Ça n’a pris que quelques instants avant que les sourires rayonnants affichés depuis la victoire émotive de samedi dernier s’effacent. Le Canadien, pourtant présumément gonflé à bloc avant la rencontre, semblait sortir d’un profond sommeil. Le Kraken a pris le territoire montréalais d’assaut et s’est forgé une avance de 3-0. C’était la troisième fois en seulement six rencontres que le CH cédait trois fois avant le premier entracte.

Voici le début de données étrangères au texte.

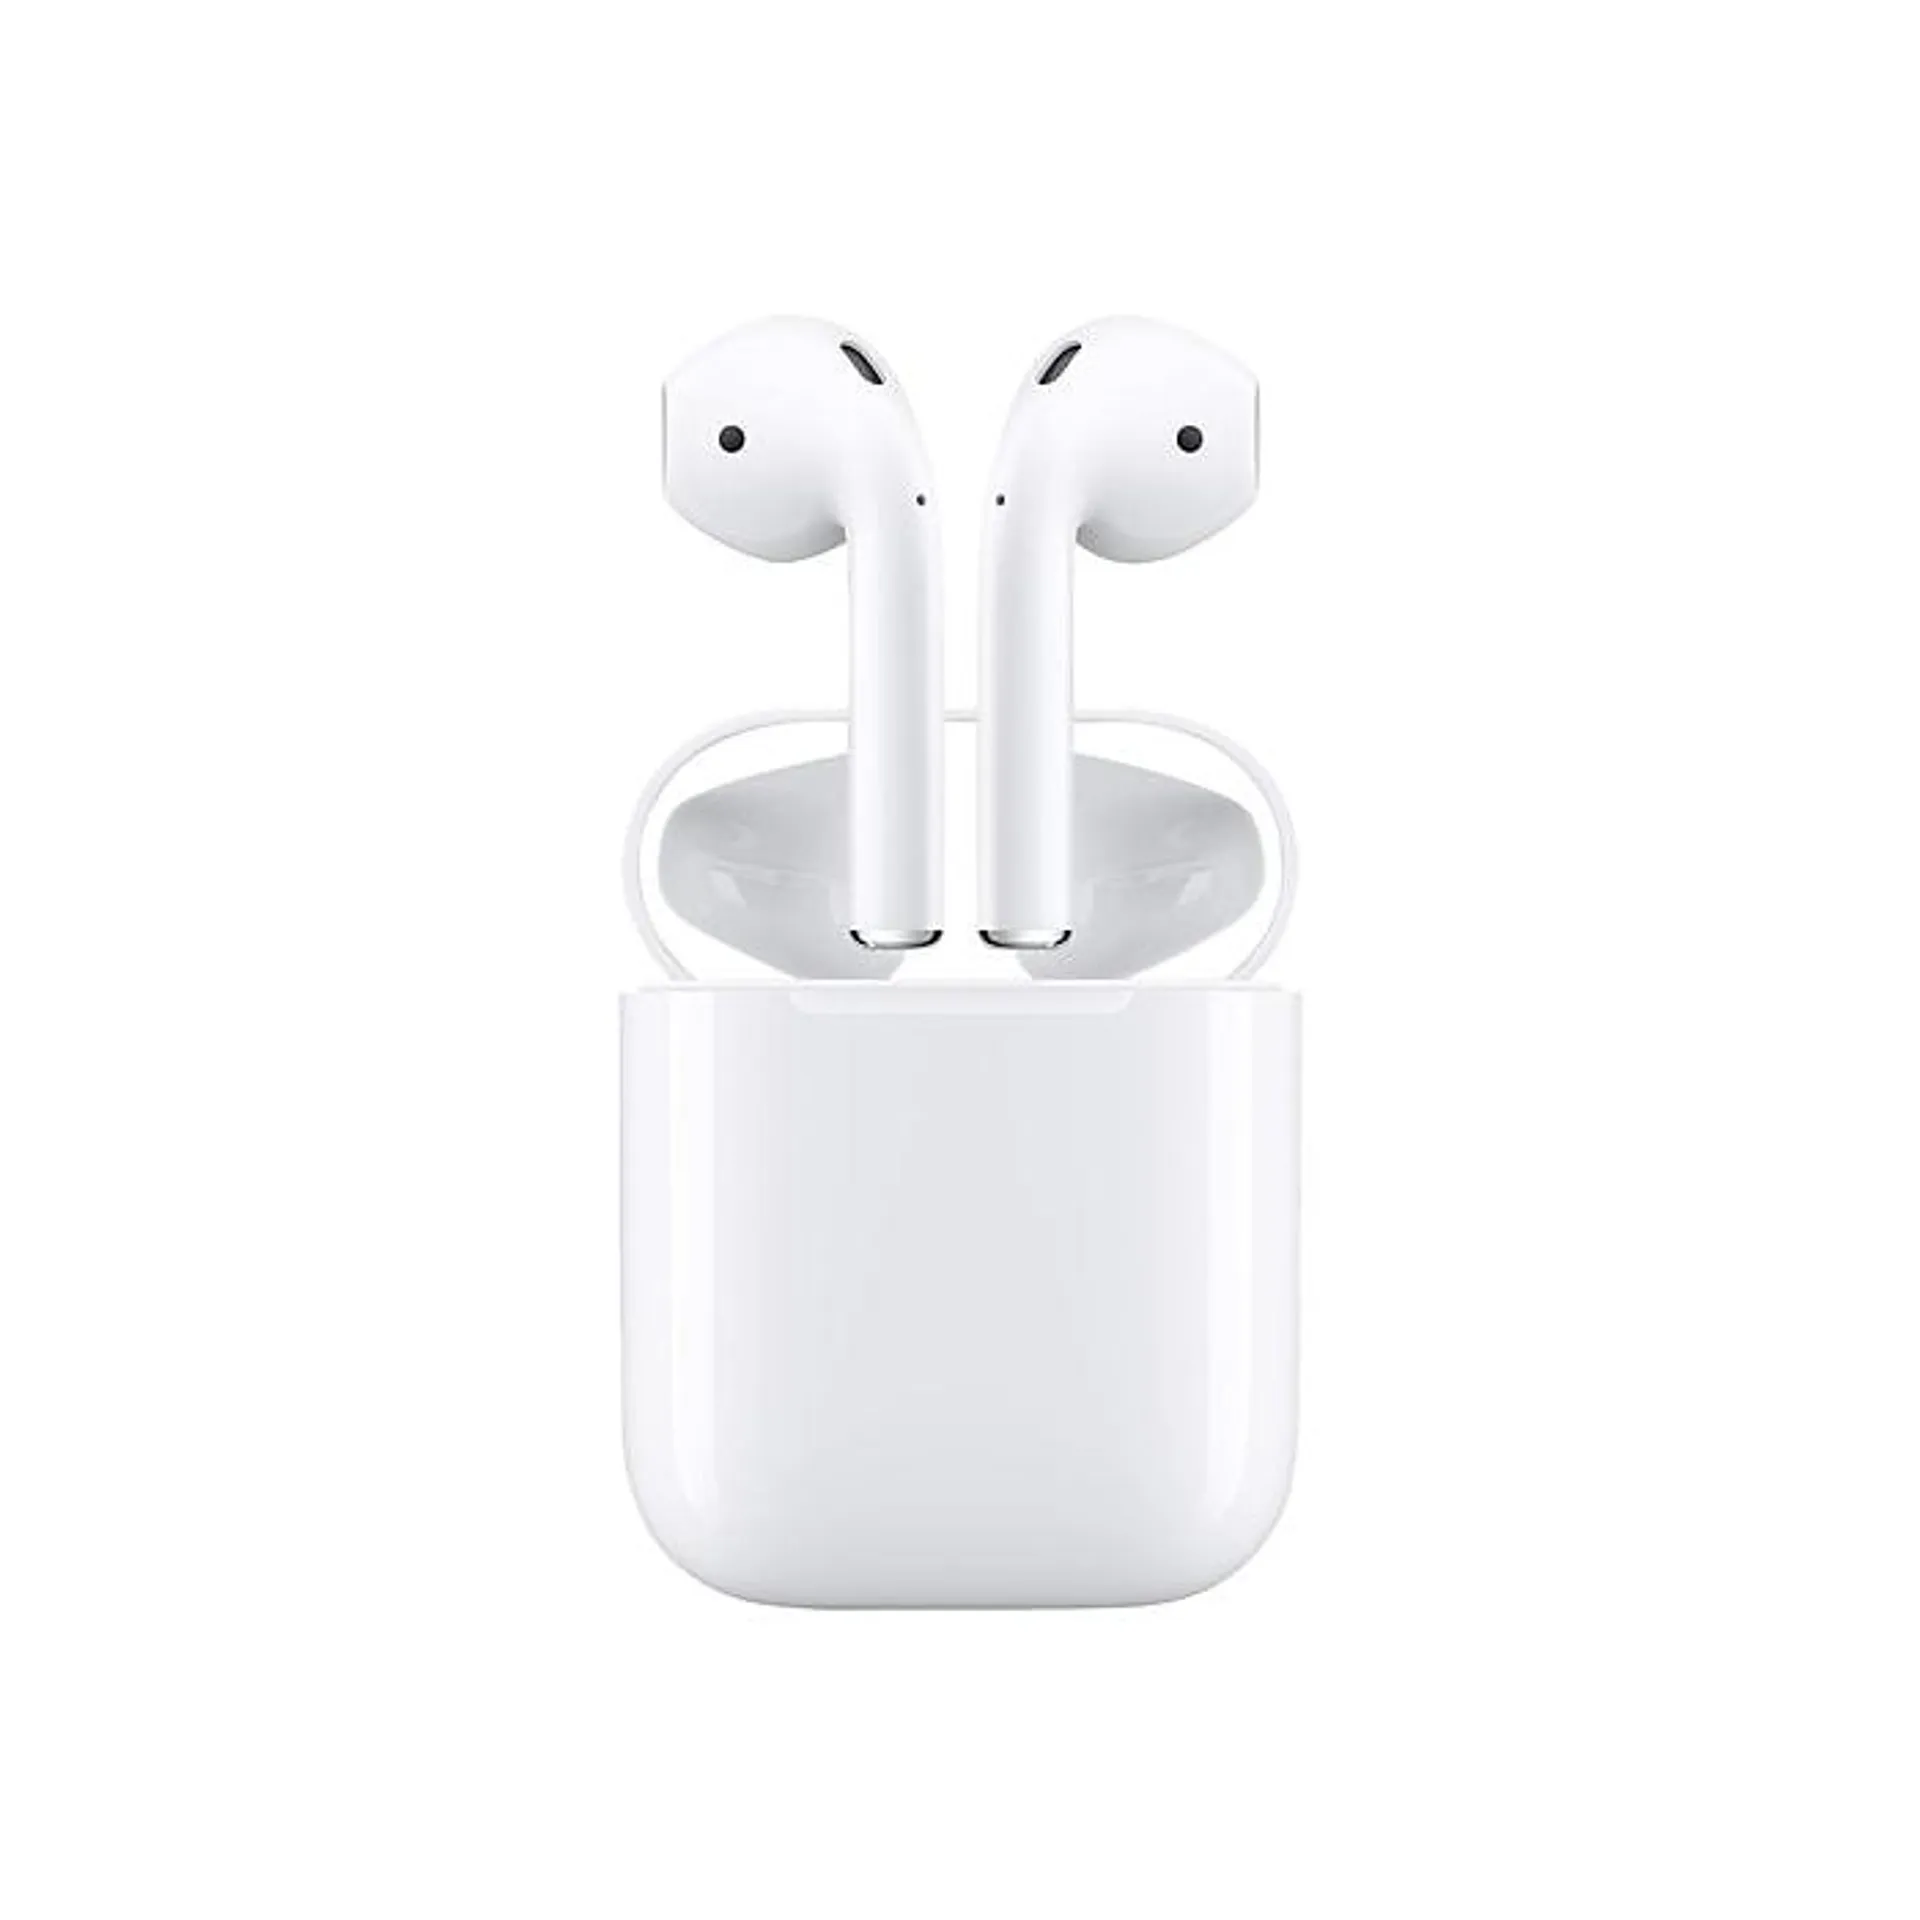 Apple AirPods (2nd Generation) Bluetooth Earbuds,

Ça s’est un peu replacé par la suite. Or, « la deuxième et la troisième période ne veulent rien dire après une première comme ça », dixit St-Louis. Selon lui, ses hommes n’étaient tout simplement « pas prêts ».

Très critique envers son propre trio, menotté dans sa zone au cours des quelque 90 premières secondes du match, Nick Suzuki a qualifié la situation d’« inacceptable ».

L’entraîneur n’a pas été plus doux. Ses joueurs avaient de quoi être « gênés » après ce faux départ. « On avait trop de passagers, surtout en partant, a-t-il déploré. On n’est pas assez bons, comme équipe, pour avoir des passagers. C’est ce qu’on a eu. »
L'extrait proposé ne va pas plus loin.